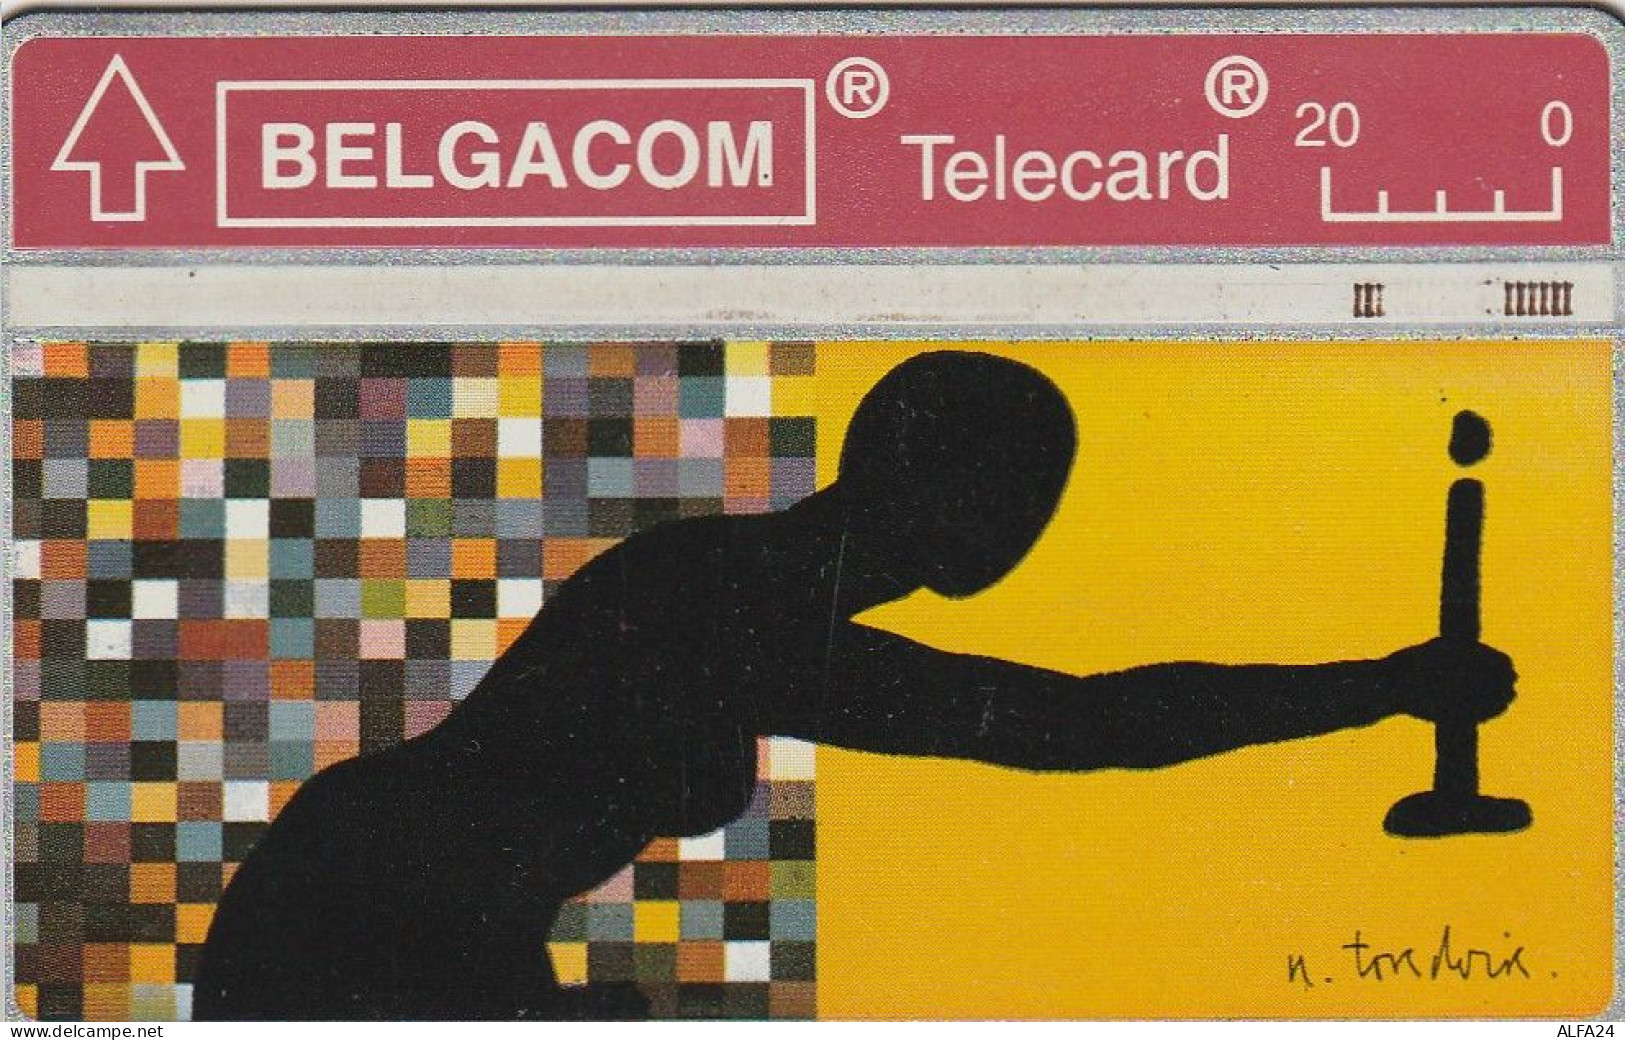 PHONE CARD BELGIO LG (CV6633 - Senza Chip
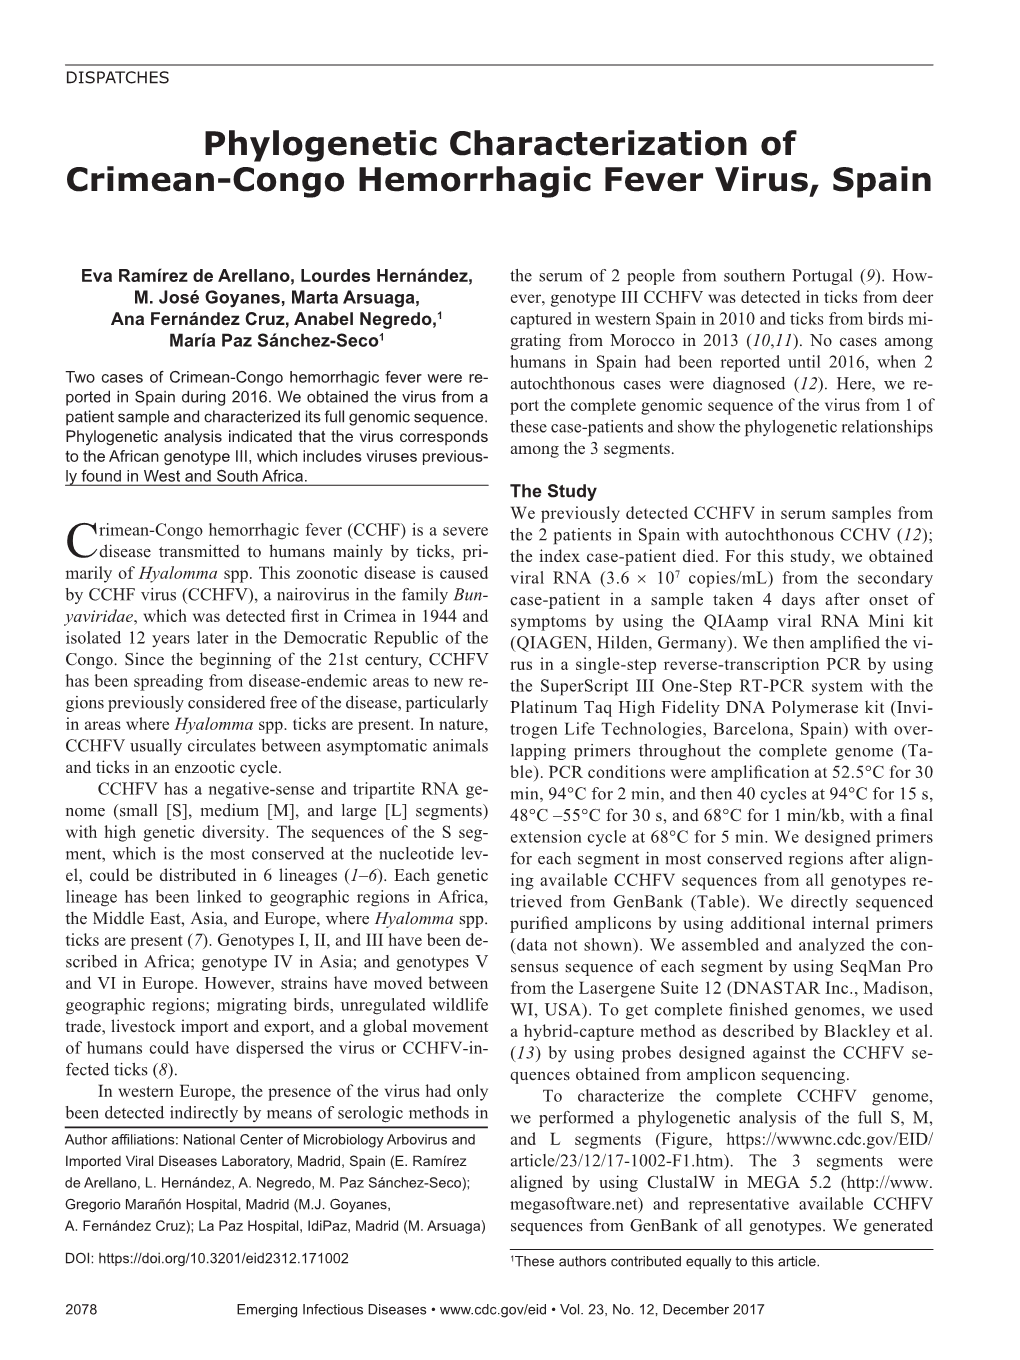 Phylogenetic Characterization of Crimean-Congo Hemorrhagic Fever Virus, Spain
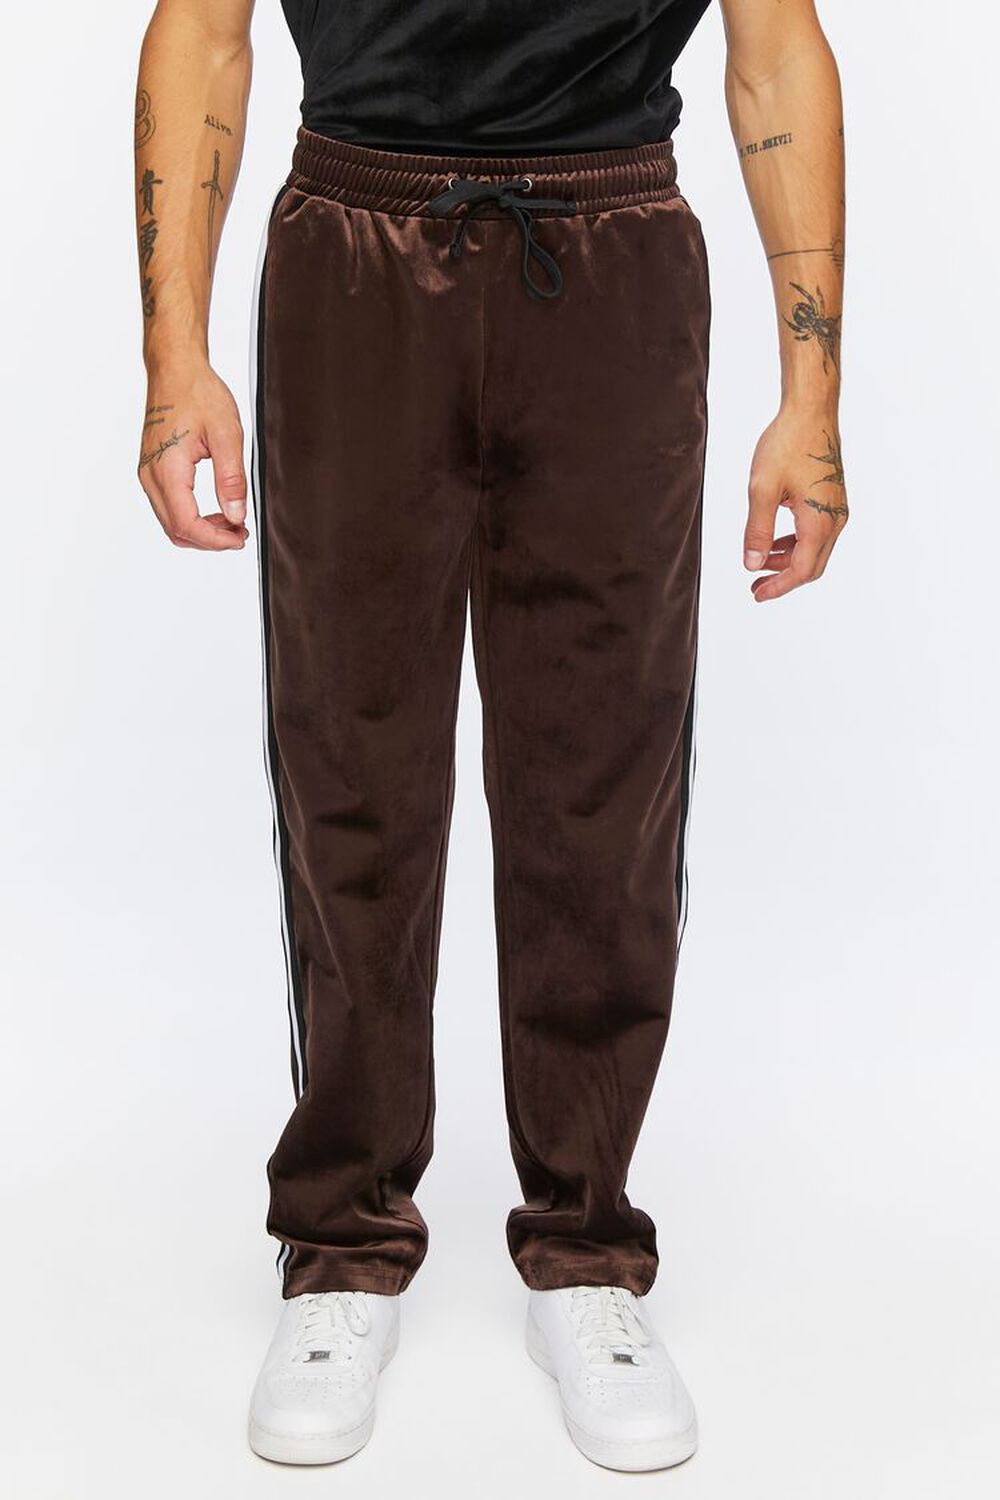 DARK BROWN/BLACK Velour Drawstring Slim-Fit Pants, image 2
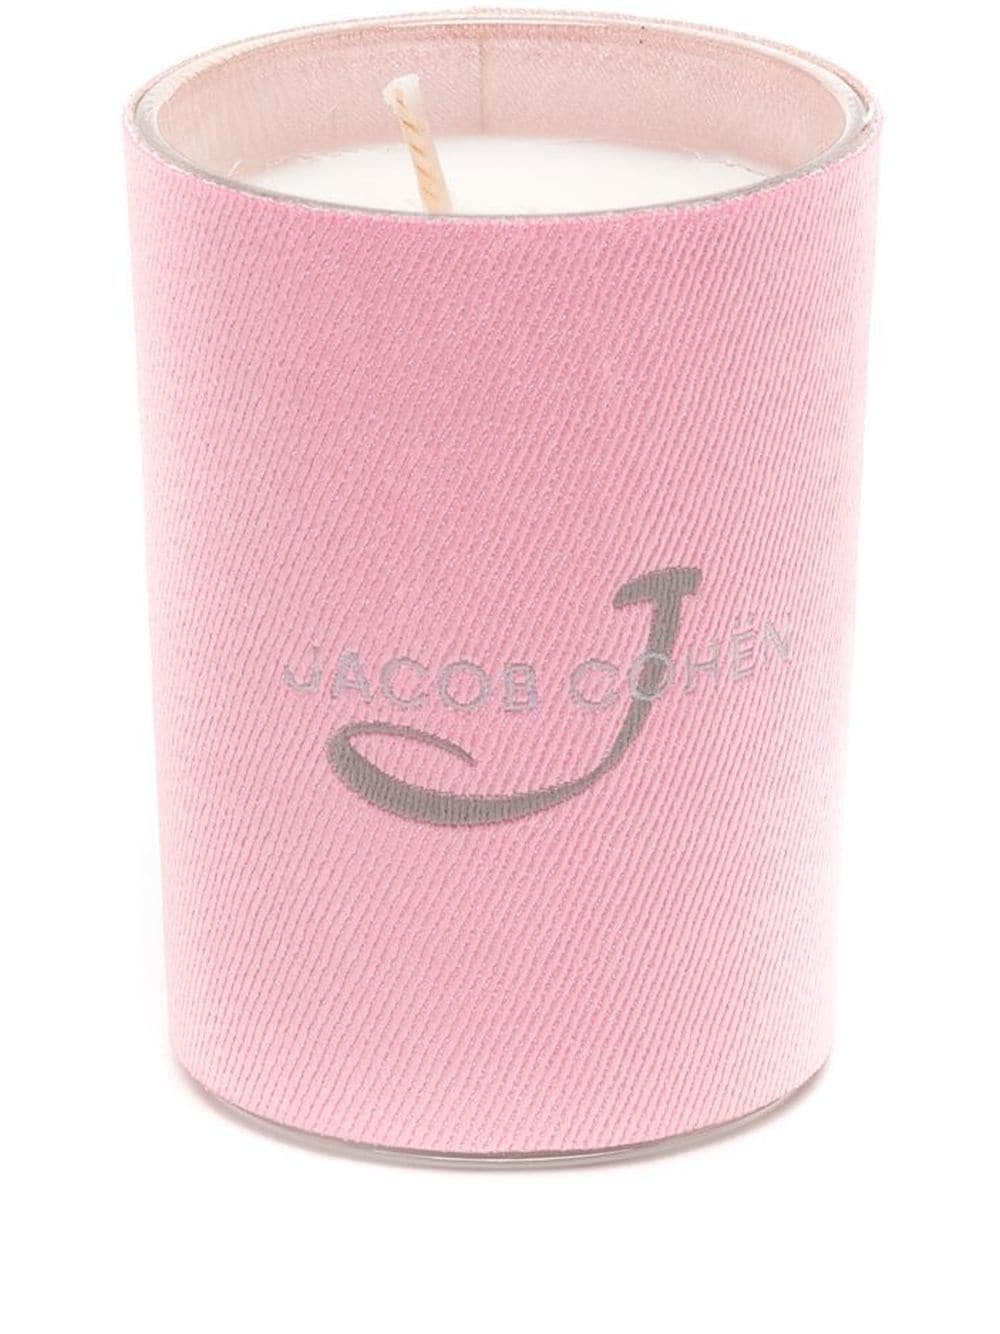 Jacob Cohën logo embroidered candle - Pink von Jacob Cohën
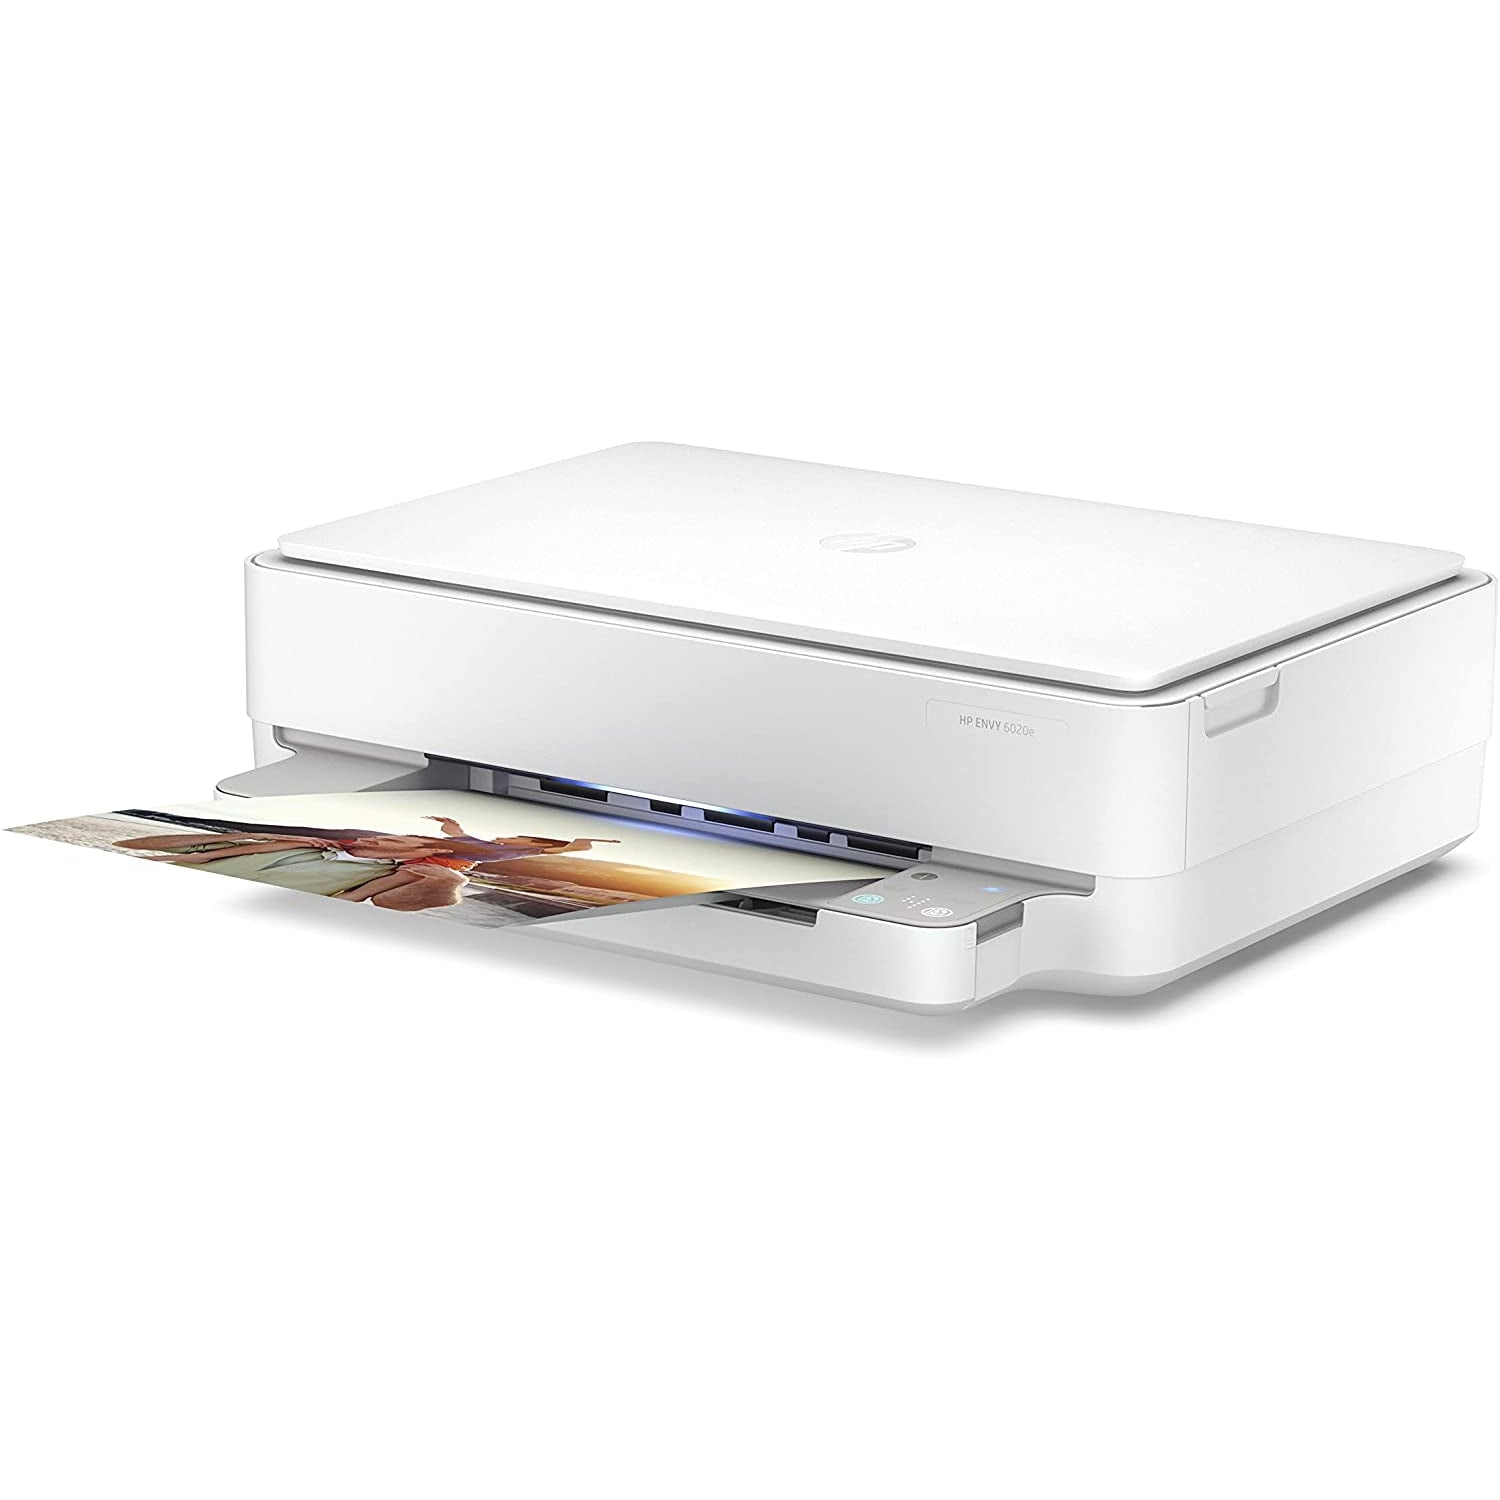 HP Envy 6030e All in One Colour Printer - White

EXERCISE PROMPT - Once the pictures are set aside, reproduce the records in full and exactly.

COMPLETED TASK -
 PHONE CARD BELGIO LG (CV6633 - Senza Chip
 Phylogenetic Characterization of Crimean-Congo Hemorrhagic Fever Virus, Spain
 DARK BROWN/BLACK Velour Drawstring Slim-Fit Pants, image 2
 Jacob Cohën logo embroidered candle - Pink von Jacob Cohën
 HP Envy 6030e All in One Colour Printer - White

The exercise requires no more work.